Idioglossa is a genus of moths of the family Batrachedridae.

Taxonomy
The genus was created by Thomas de Grey, 6th Baron Walsingham in 1881 to house the new species Idioglossa bigemma. Because Lord Walsingham had created a monotypic genus at the time, the species I. bigemma is considered the type species by monotypy.
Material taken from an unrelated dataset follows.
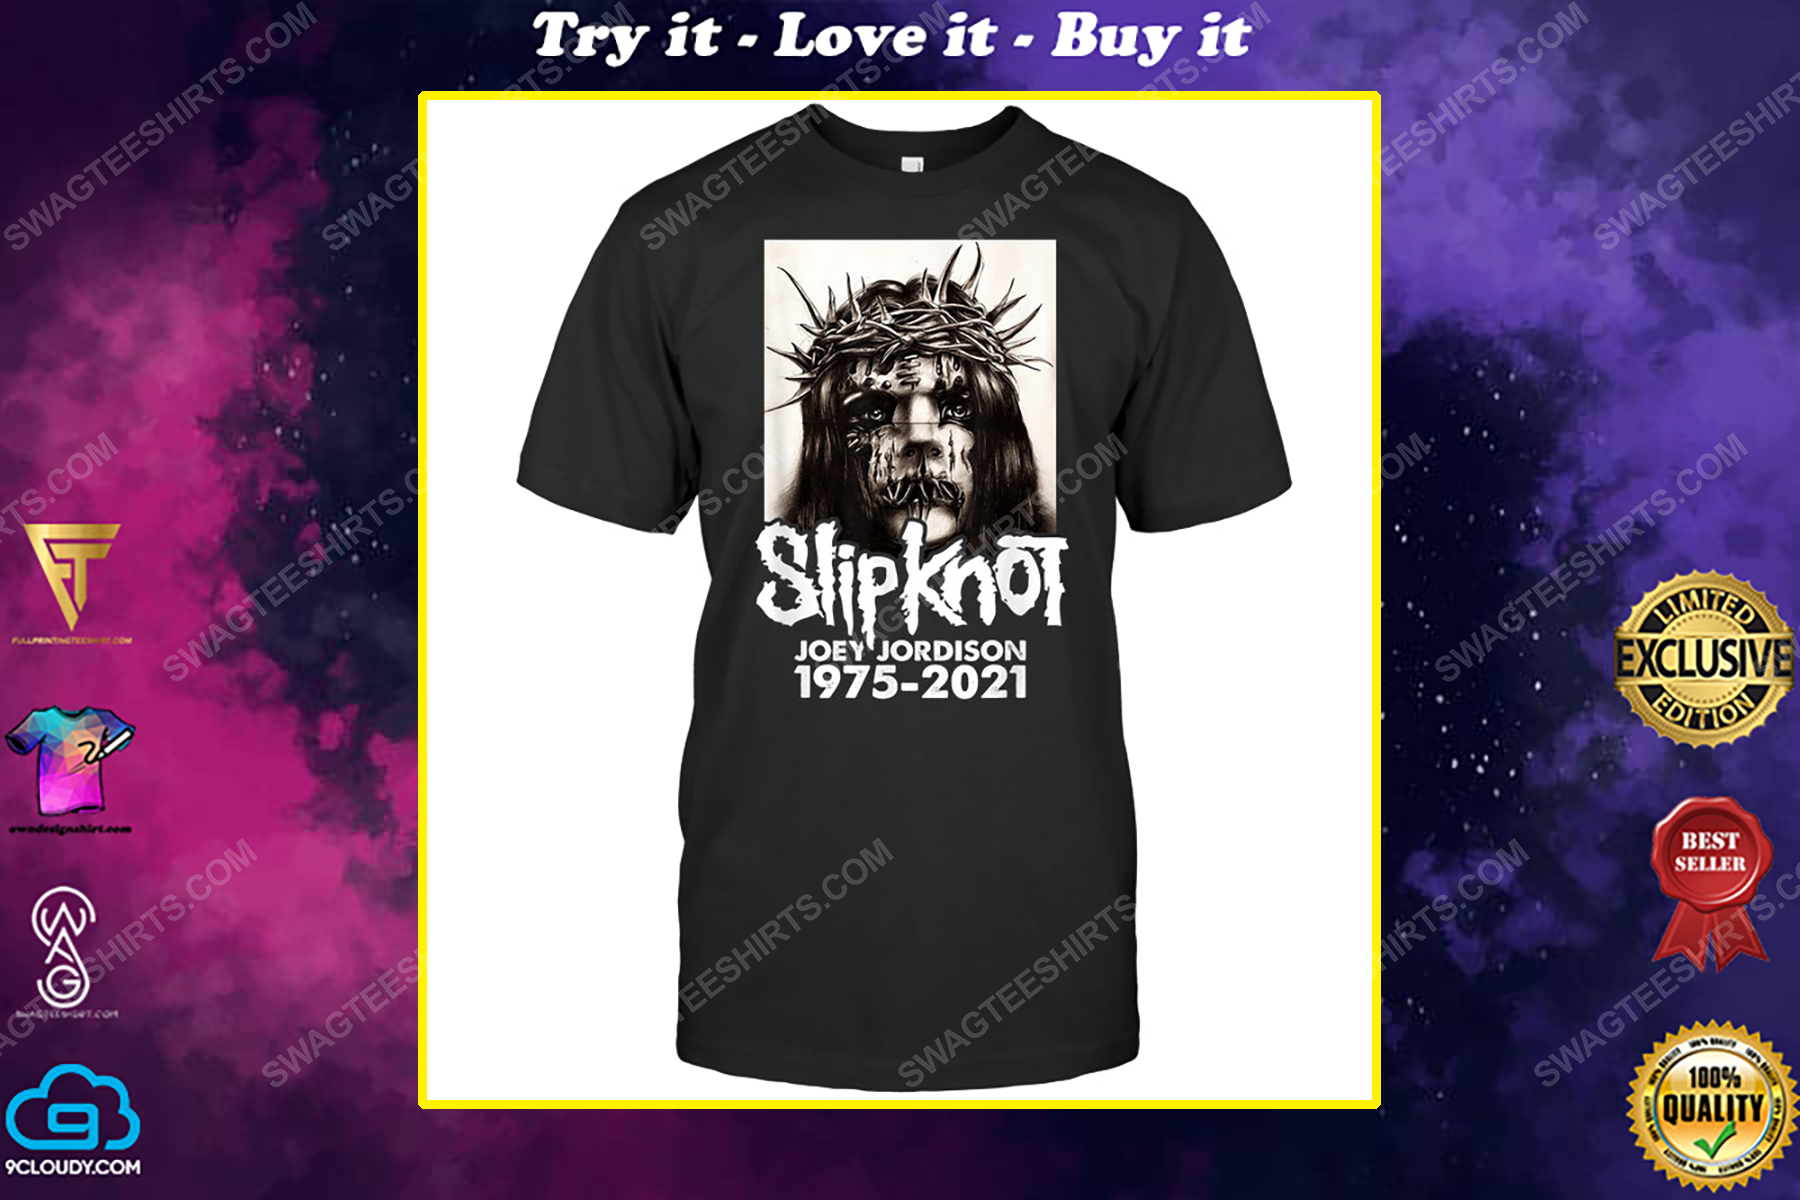 Rock band slipknot joey jordison 1975 2021 shirt

The next year, in 1882, Lord Walsingham proposed to rename the taxon as Idiostoma, because he considered the name inappropriate, but by the rules of taxonomy this is considered unnecessary.
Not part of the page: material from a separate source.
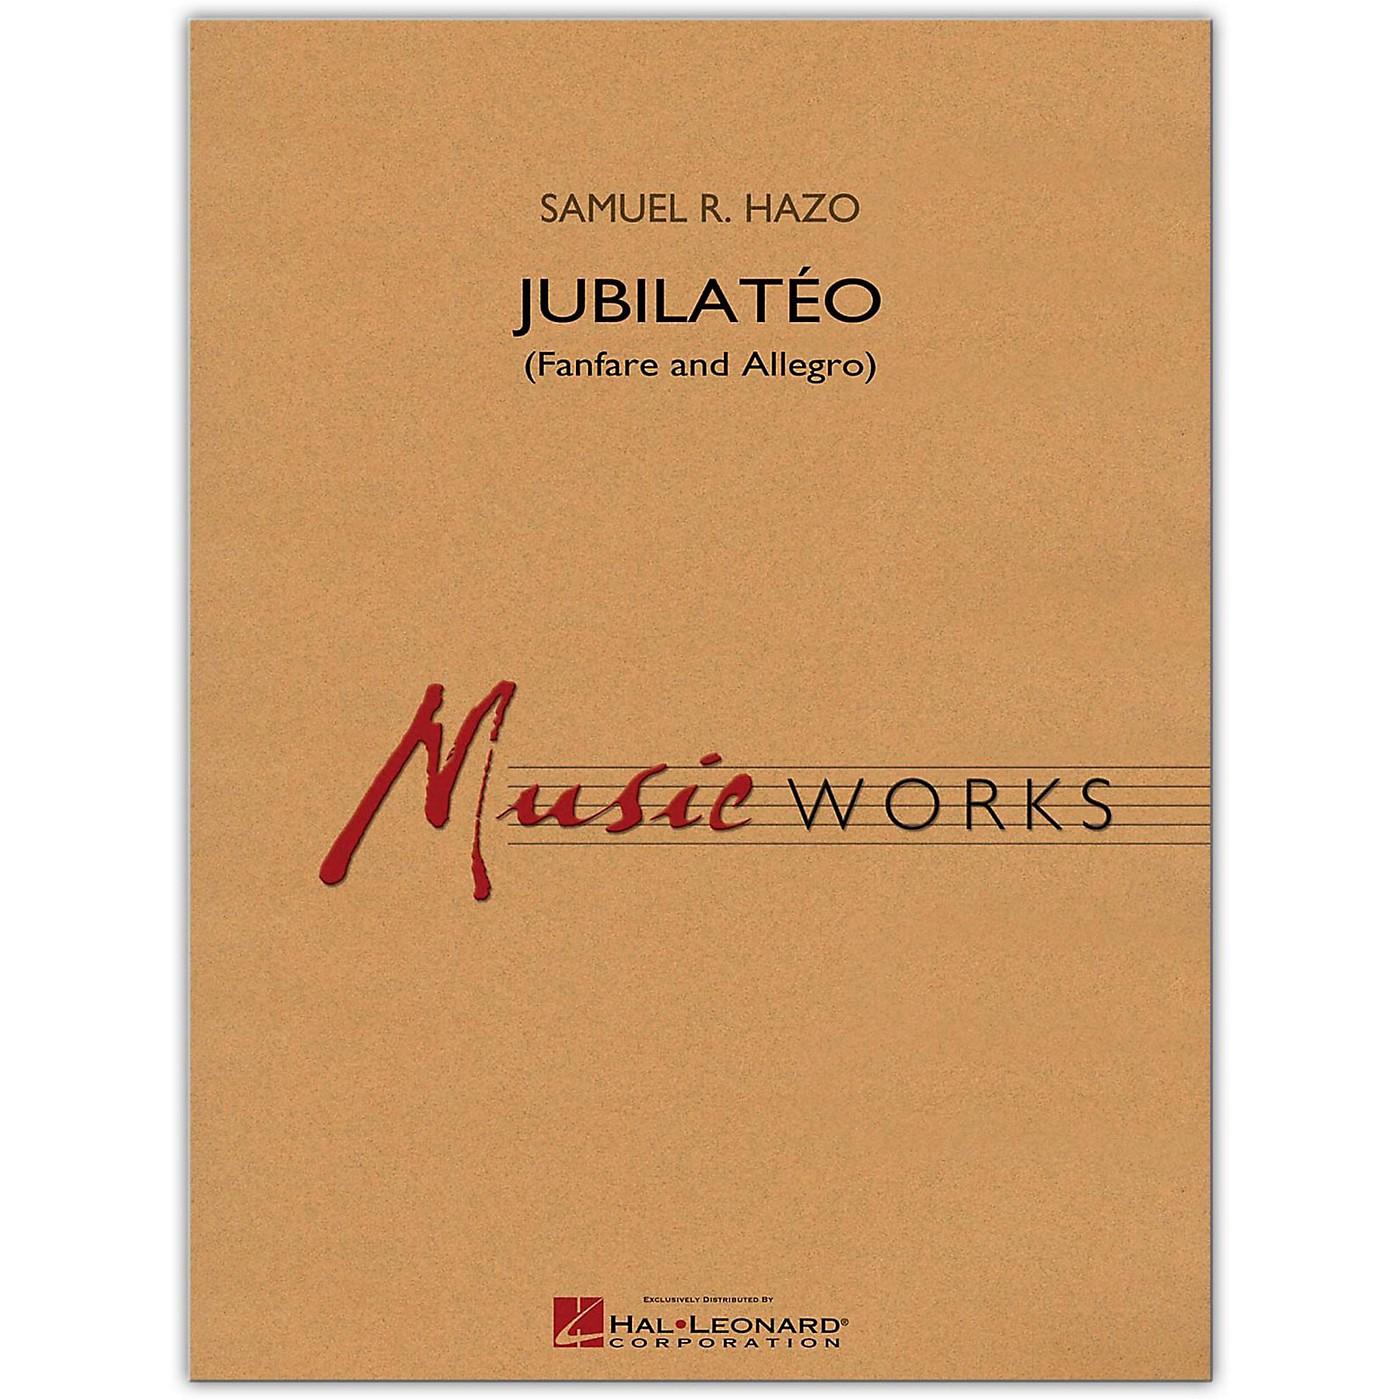 Hal Leonard Jubilato (Fanfare and Allegro) MusicWorks Concert Band Grade 5 thumbnail

The Australian entomologist Ian Francis Bell Common classified it in the subfamily Stathmopodinae of the family Oecophoridae in 1996. It was reclassified in the subfamily Batrachedrinae of the Batrachedridae by Kazuhiro Sugisima in 2000.

Species
The genus contains the following species:
Idioglossa argodora Meyrick, 1913 - southern India
Idioglossa bigemma Walsingham, 1881
Idioglossa bigemma ssp. bigemma - Southern Africa
Idioglossa bigemma ssp. mascarena Bippus, 2016 - Réunion
Idioglossa metallochrysa A.J. Turner, 1917 - northern Queensland
Idioglossa miraculosa (Frey & Boll, 1878) - Texas
Idioglossa polliacola Sugisima, 2000 - Japan
Idioglossa thailandica Sugisima, 2004 - Thailand
Idioglossa triacma Meyrick, 1913 - Assam, Khasi Hills
Idioglossa triumphalis Meyrick, 1918 - Bela Vista, Angola?

Ecology
Of the species of which a host plant is known, the caterpillars feed on plants of the families Costaceae, Gramineae or Commelinaceae.